A global shift towards greater acceptance of dual citizenship as a result of increased migration, growing overseas diaspora communities, and increased regional integration efforts have been seen in the last 60 years.
Thus, a growing number of Indonesians are married to foreign nationals who decide to stay in Indonesia or live overseas, either permanently or temporarily.
Indonesia’s Citizenship Law and Law No. 6 Year 2011 on Immigration has partly recognised this trend, as demonstrated by the possibility for foreign spouses to obtain permanent residence permits in Indonesia (KITAP) and the granting of limited dual citizenship to children of mixed marriage couples at birth. However, Indonesia’s current legal framework discloses mixed marriage families are still facing considerable hurdles.
Aliansi Pelangi Antar Bangsa (APAB) hosted a webinar on Dual Citizenship for Mixed Marriage Families on Tuesday 4th August as a part of a series of events that APAB is organising to advocate changes in Indonesia’s Law No. 12 Year 2006 on Citizenship, which is currently included in the House of Representatives’ (DPR) 2020-2024 National Legislation Program (Prolegnas) for review.
Speakers at the event included Professor Susi Dwi Harijanti, Constitutional Law at Padjadjaran University; Fahri Hamzah, Former Deputy Chair of Indonesian Parliament; Yuyun Wahyuningrum, Indonesian Representative to the ASEAN Intergovernmental Commission on Human Rights (AICHR); and Heru Susetyo, Associate Professor at the Faculty of Law at the University of Indonesia.
“The lack of equal treatment under Indonesian law has far-reaching implications on the wellbeing of mixed marriage families,” said Nia Schumacher, Chair of APAB. “This is all the more true in the current context of the COVID-19 pandemic, which many mixed marriage families have found themselves separated or face other challenges due to border restrictions and interruption of immigration services in Indonesia and other countries,” she added.
From a human rights perspective, various laws and regulations in Indonesia directly restrict the fulfilment of some of the basic rights of mixed marriage families, including those prescribed in Indonesia’s 1945 Constitution and some of the core international human rights instruments of which Indonesia is a ratifying country.
Equally constraining is the requirement under Article 6 of the Citizenship Law for children of mixed marriage families to choose one nationality after they turn 18. Such requirement restricts children’s rights to maintain their full identity and fails to recognise the potential of bi-nationals to act as bridges between Indonesia and other countries, by contributing their skills and own perspective of the world.

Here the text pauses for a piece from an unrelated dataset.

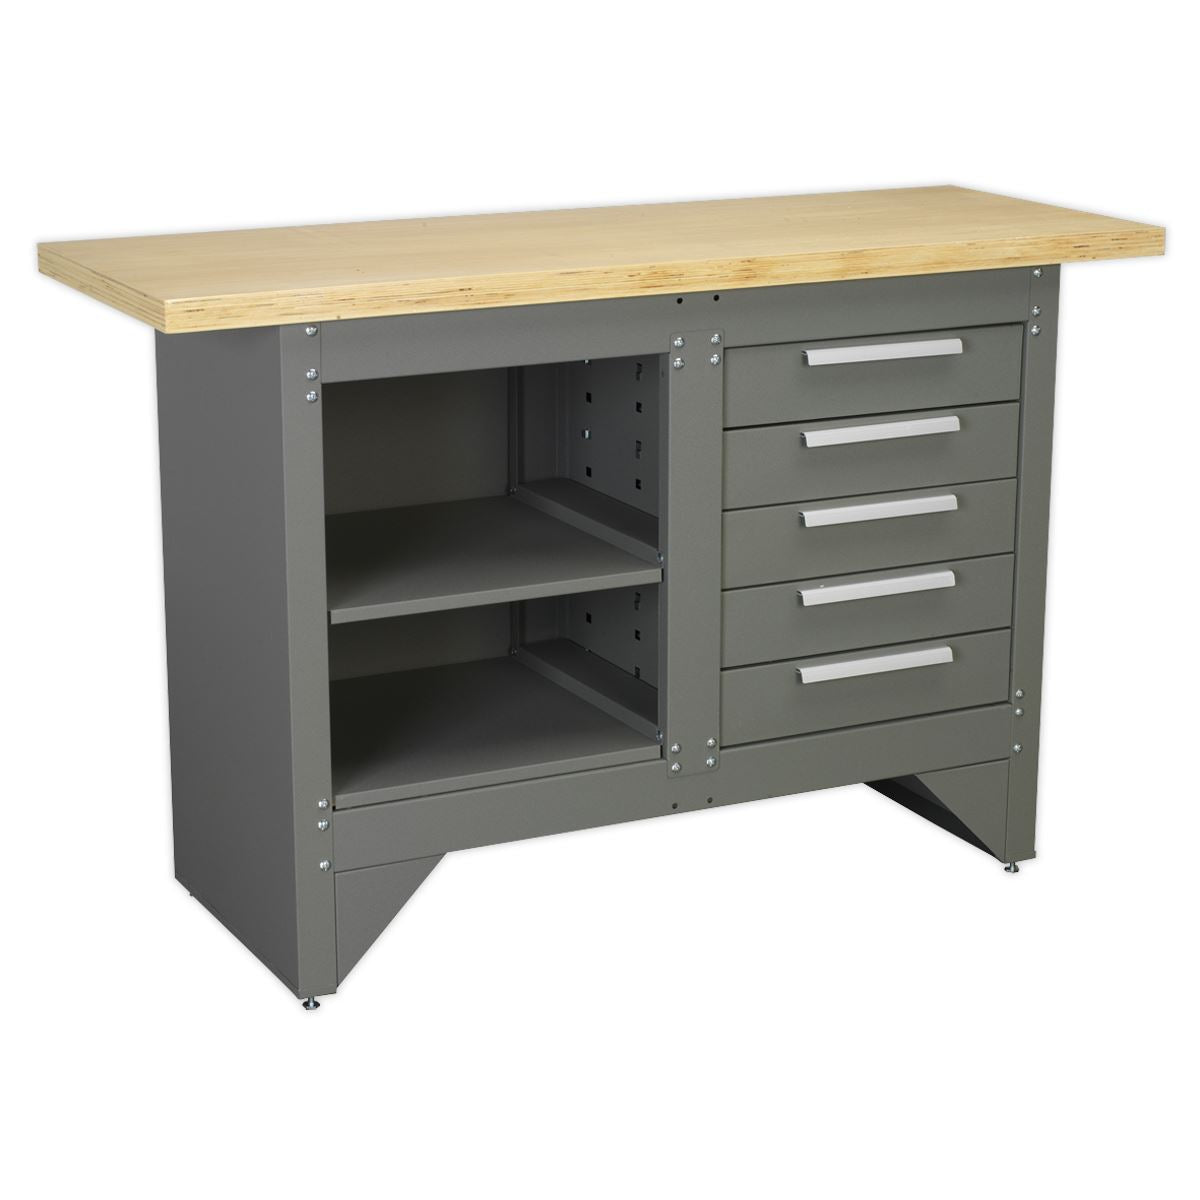 Sealey Workbench with 5 Drawers Ball-Bearing Slides Heavy-Duty

“Humanity must be placed above everything else, and this is consistent with the philosophy of Pancasila. What right do we have to limit the rights of children who know nothing about their mothers and fathers having different nationalities?” pointed out Fahri Hamzah.
Recalling Article 16.3 of the Universal Declaration of Human Rights which recognises the family as a “natural and fundamental group unit of society” entitled “to protection by society and the State”, APAB calls for a revision of Indonesia’s Citizenship Law that would allow children of mixed marriage families, as well as wives and husbands after 10 years of marriage, to acquire lifelong dual citizenship.
Prof. Susi Dwi Harijanti stated, “if dual citizenship is seen as a ‘need or necessity’, several matters must be considered, including the criteria for those who are recognized as having Indonesian citizenship and simultaneously having foreign citizenship.” Whereas Yuyun Wahyuningrum supports efforts to discuss dual nationality because this issue has always been seen sensitive in Indonesia and even in ASEAN.
Furthermore, Heru Susetyo noted that the demand for dual citizenship for mixed marriage families is relevant because it is consistent with the demands of a globalised era as well as the protection of human rights. Moreover, Indonesia will also benefit from the enactment of dual citizenship.
APAB was established in September 2002 and is an association of several mixed marriage organisations, including Srikandi, Komunitas Melati Worldwide (Komet VW), Cross-Cultural Couples Club (C4) and DIANA, as well as individuals who are concerned about the situation of mixed marriage families in Indonesia and abroad. Altogether, APAB represents more than 6,000 members of mixed marriage families who are living in and outside Indonesia.
Over the last two decades, APAB’s advocacy to government ministries, parliament, and other key stakeholders has contributed to greater recognition and protection of the rights of mixed marriage families, particularly in Law No. 12 of 2006 on Citizenship and Law No. 6 of 2011 on Immigration.